New York City Inmates in Solitary Not Getting Exercise Time

New York City Inmates in Solitary Not Getting Exercise Time
New York: More than 90 percent of New York City jail inmates in solitary confinement aren't getting their legally mandated one hour of daily recreation time outside their cells, according to a report released on Wednesday by the city agency that oversees the nation's second-largest jail system.

Many inmates sent to solitary confinement at Rikers Island jail for violating rules go multiple days in a row locked in their cells without access to outdoor recreation cages, the New York City Board of Correction found.

"This hour of recreation is not a mere pleasure for prisoners," the board wrote. "For individuals who are otherwise confined alone in small, spare cells, this hour of fresh air and sunlight and exposure to other people is essential for their mental and physical health and essential to promoting safety."

The study comes as the board writes new minimum standards to be released in November that will change when and how solitary is used, especially for mentally ill and adolescent inmates.
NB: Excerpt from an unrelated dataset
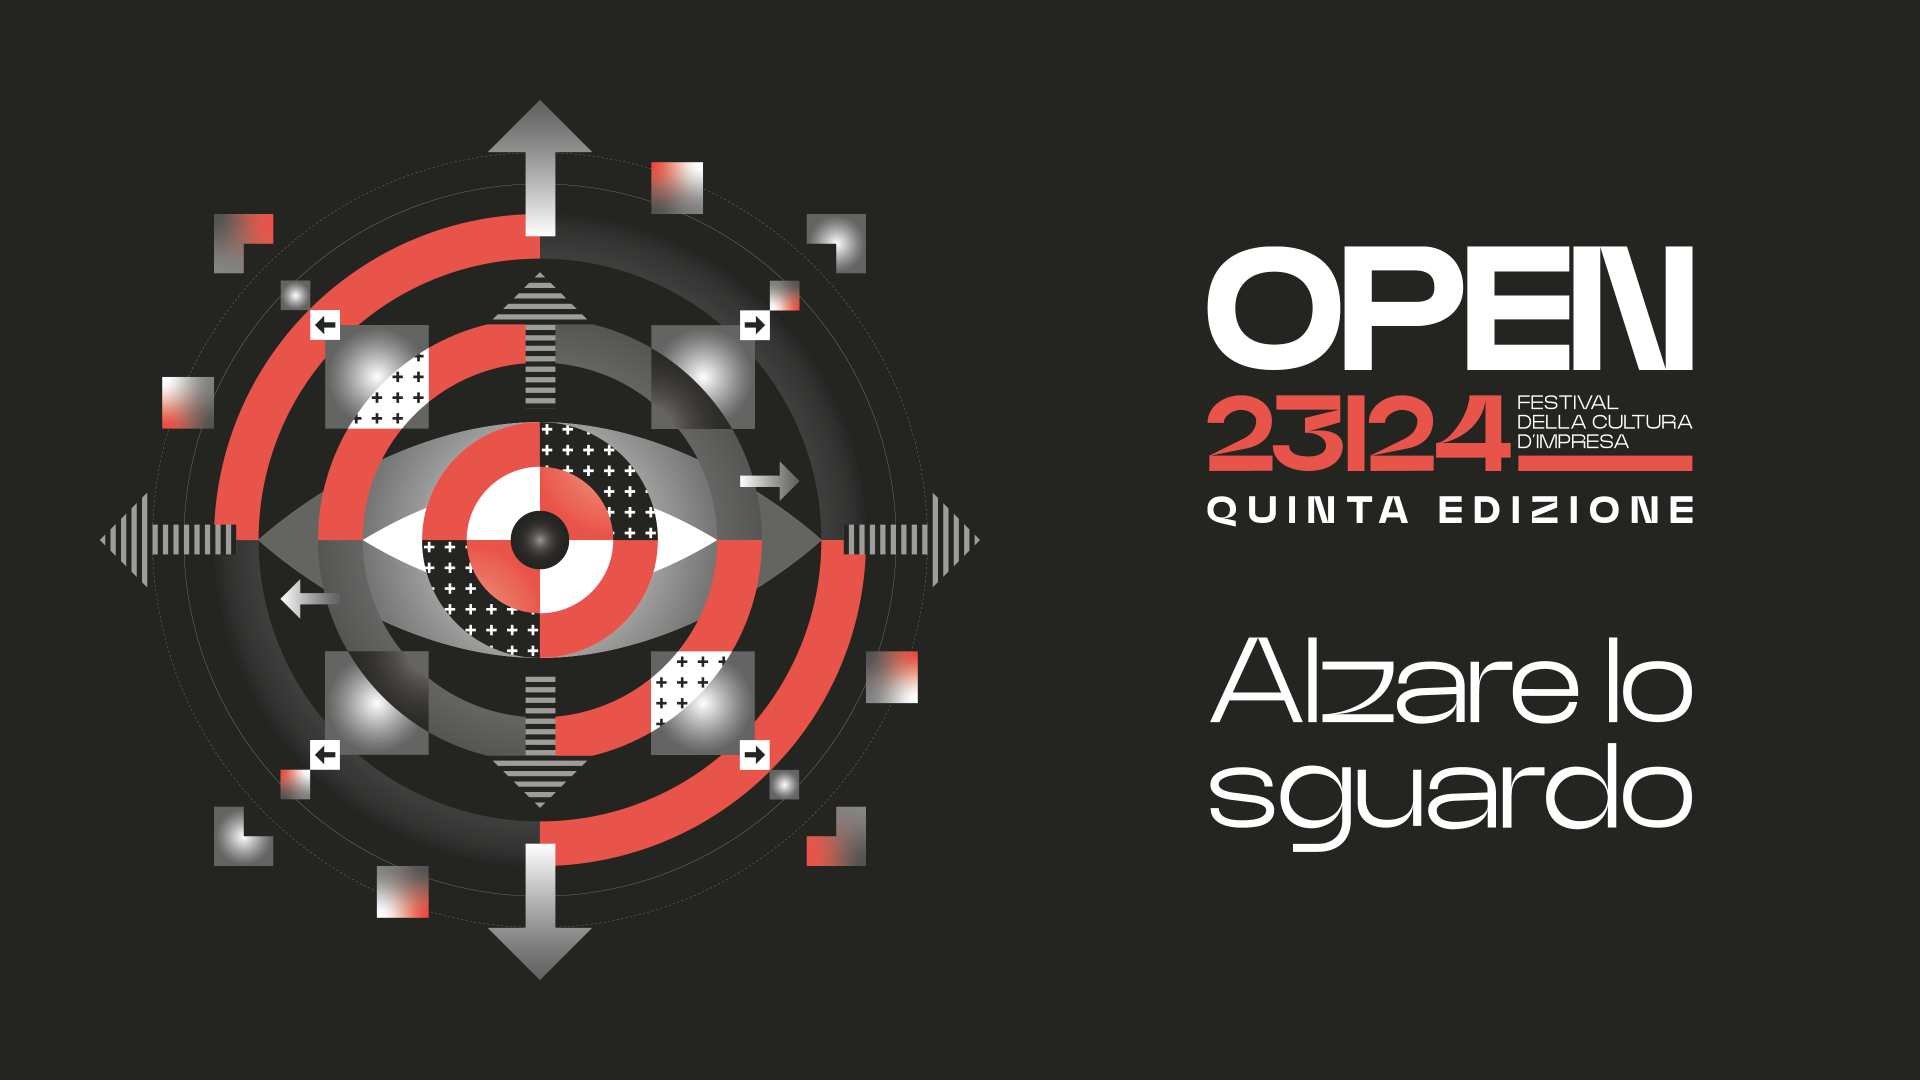 OPEN 23/24 - Festival della Cultura d'Impresa

Each day, about 600 inmates of the roughly 11,500 that make up the jail system are placed in punitive segregation, a 23-hour lock-in that government lawyers said was essentially the same as solitary confinement.

The oversight board found that access to recreation time, which inmates aren't required to go to, is elusive because guards assigned to escorting inmates frequently fail to notify prisoners in the morning to sign up.

There are also too few recreation guards, and the 32 outdoor cages are empty, devoid of even metal bars that could be used for pull-ups, the report found.

A spokesman for the head of the correction officers' union didn't respond to a request for comment.

A Department of Correction spokesman said Commissioner Joseph Ponte was aware that access to recreation is a problem and said the commissioner, as part of an agenda to reduce violence, had "already begun reviewing plans to improve the provision of recreational services to inmates."

Ponte, who was appointed in March, has vowed to turn around what he has described as a deeply troubled jail system.

The report was based on a survey of inmates in Rikers' largest solitary unit over five months in 2013 as well as a review of 14 randomly selected days of recreation time detailed in logbooks.